Exercise objective: Starting at the line that contains "Yoga Top Long" and stopping after the line that contains "The US will", transcribe the listing below exactly; do not include any pictures.

Data records:
---------------
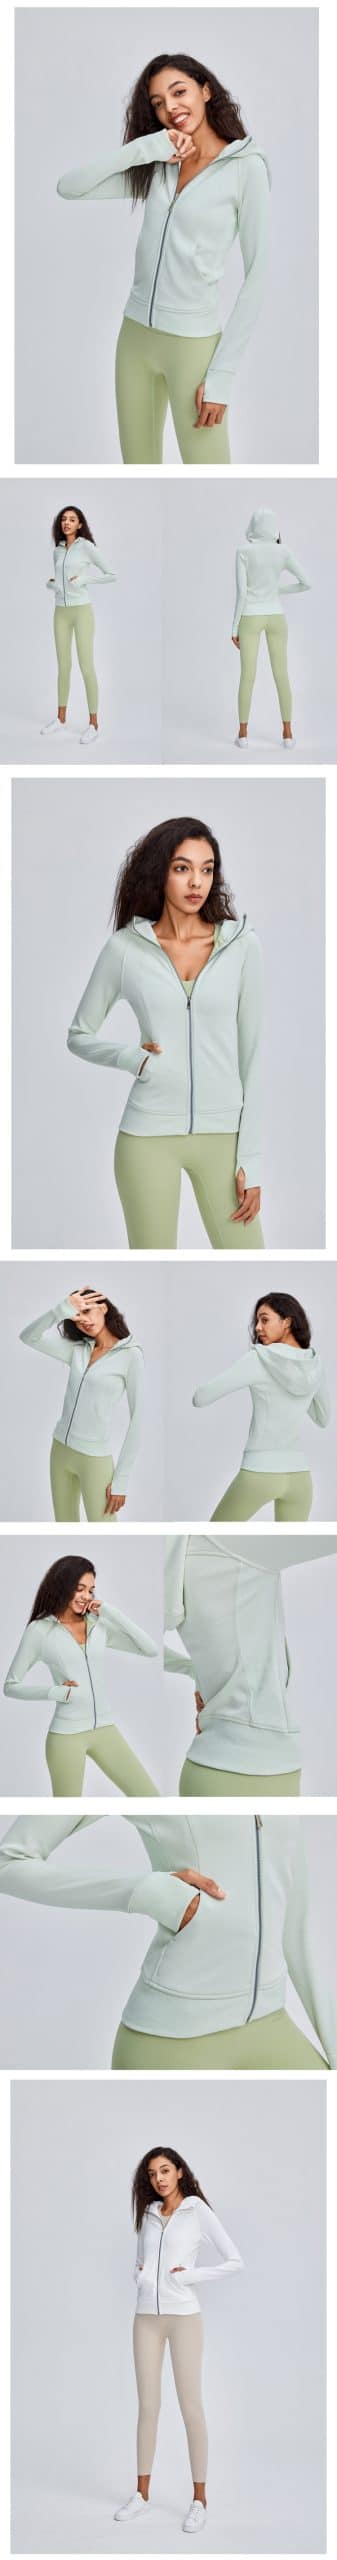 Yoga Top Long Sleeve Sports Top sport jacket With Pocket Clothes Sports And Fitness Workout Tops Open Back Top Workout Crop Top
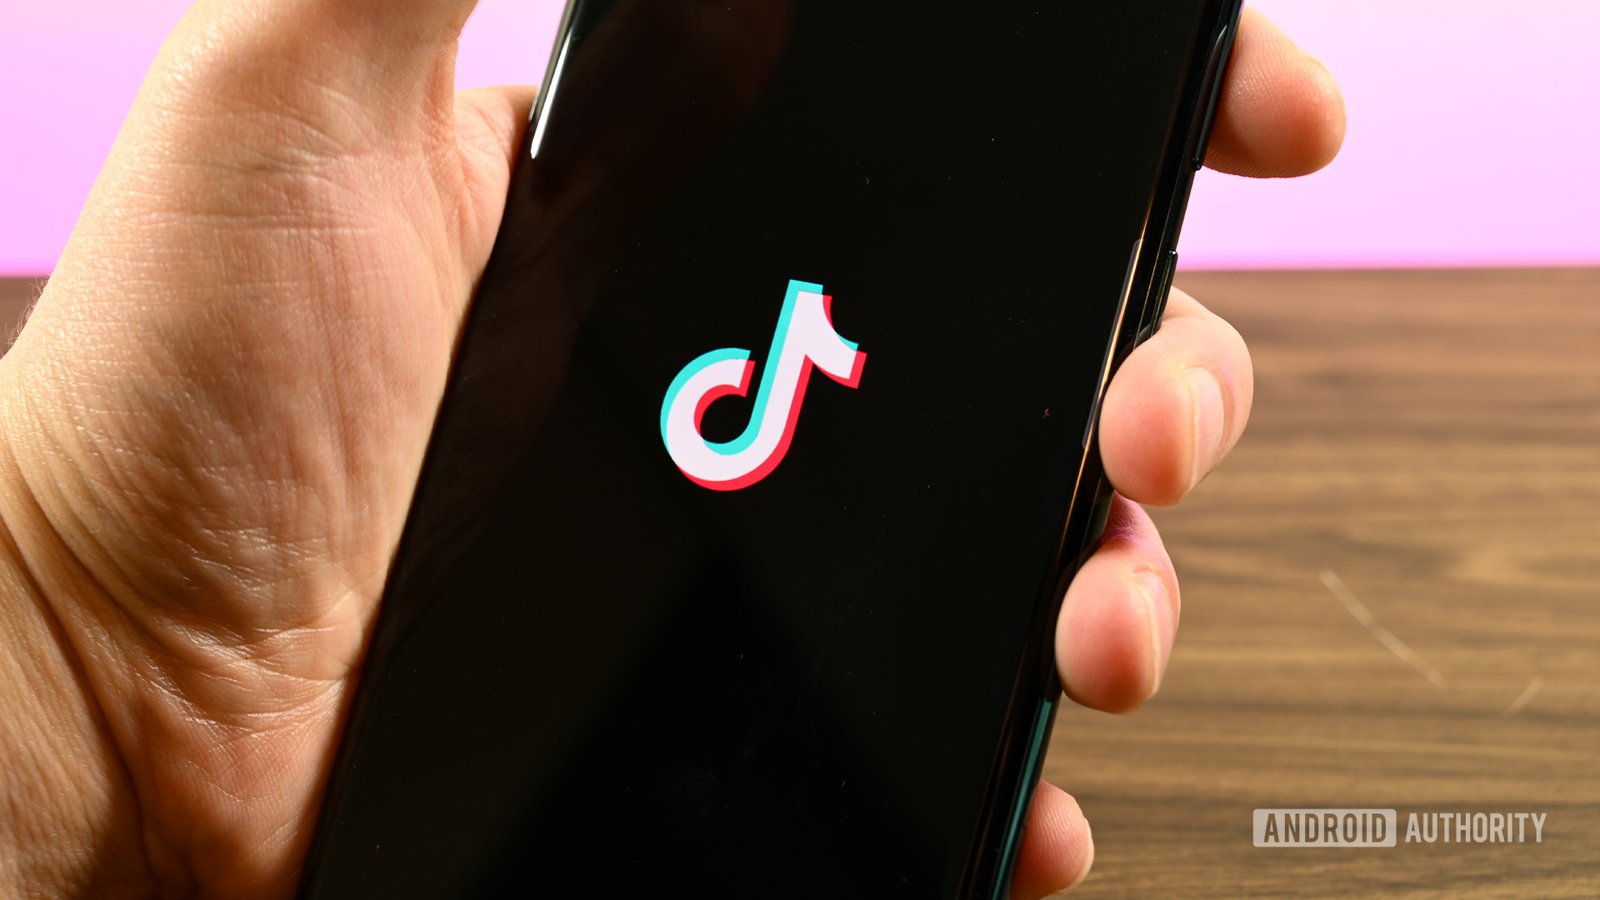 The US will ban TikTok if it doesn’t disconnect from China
---------------
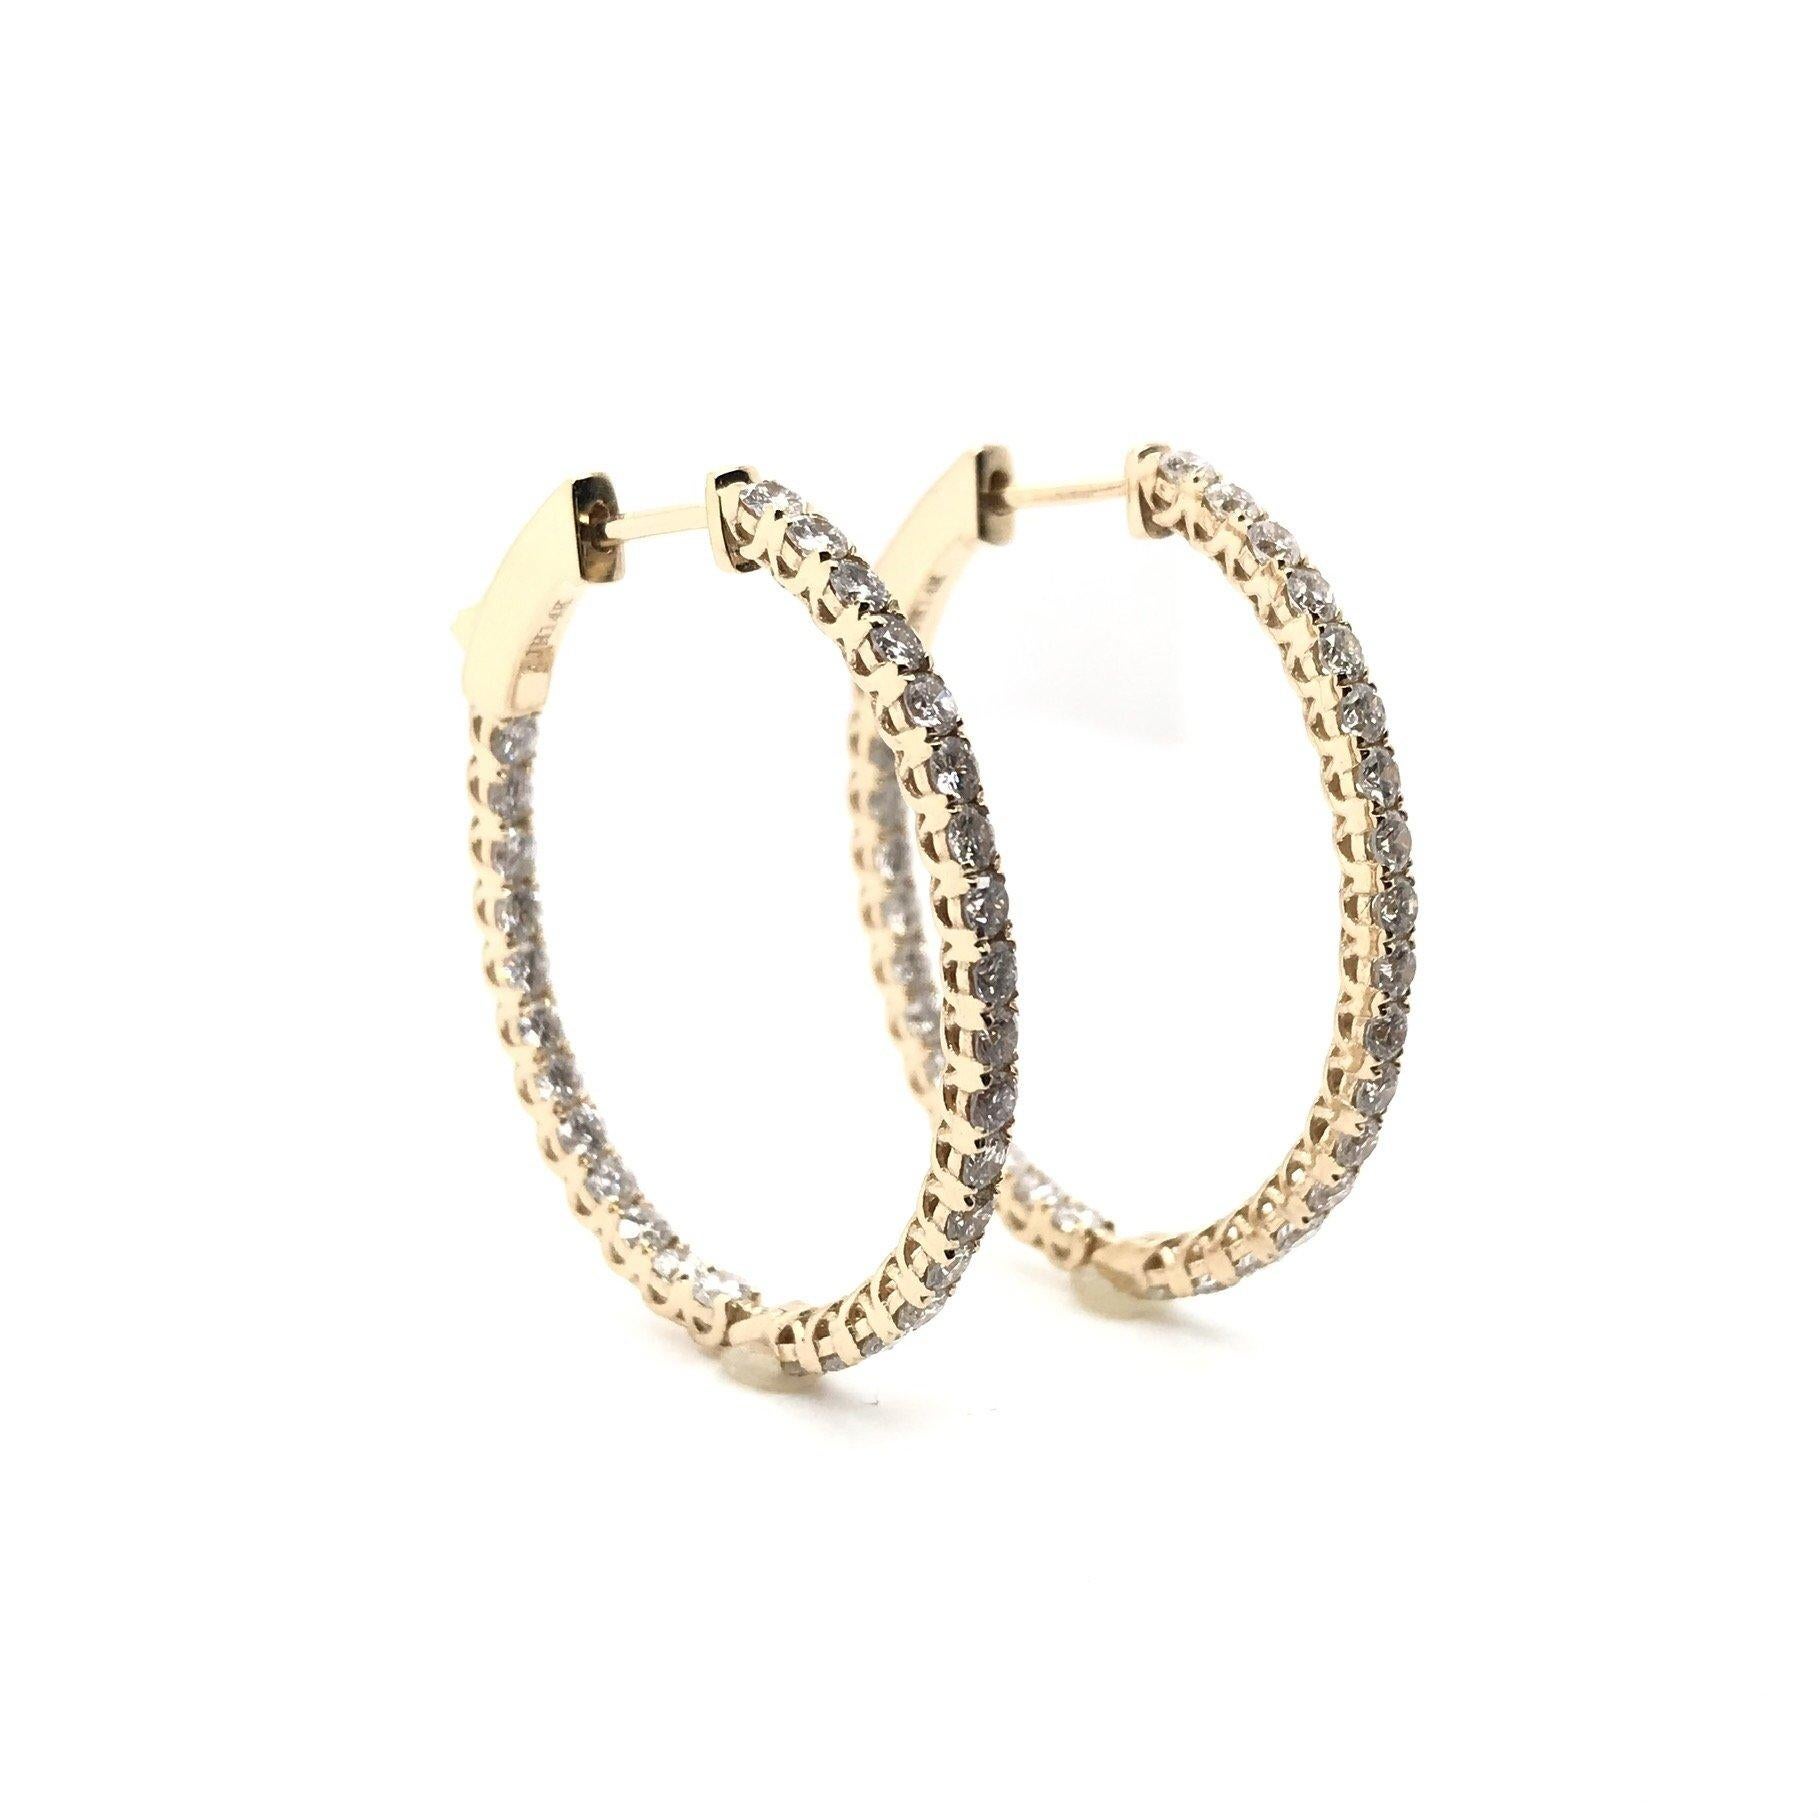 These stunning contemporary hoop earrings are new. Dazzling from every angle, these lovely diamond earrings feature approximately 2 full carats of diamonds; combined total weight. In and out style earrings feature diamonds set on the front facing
---------------
Solved exercise:
 Yoga Top Long Sleeve Sports Top sport jacket With Pocket Clothes Sports And Fitness Workout Tops Open Back Top Workout Crop Top
 The US will ban TikTok if it doesn’t disconnect from China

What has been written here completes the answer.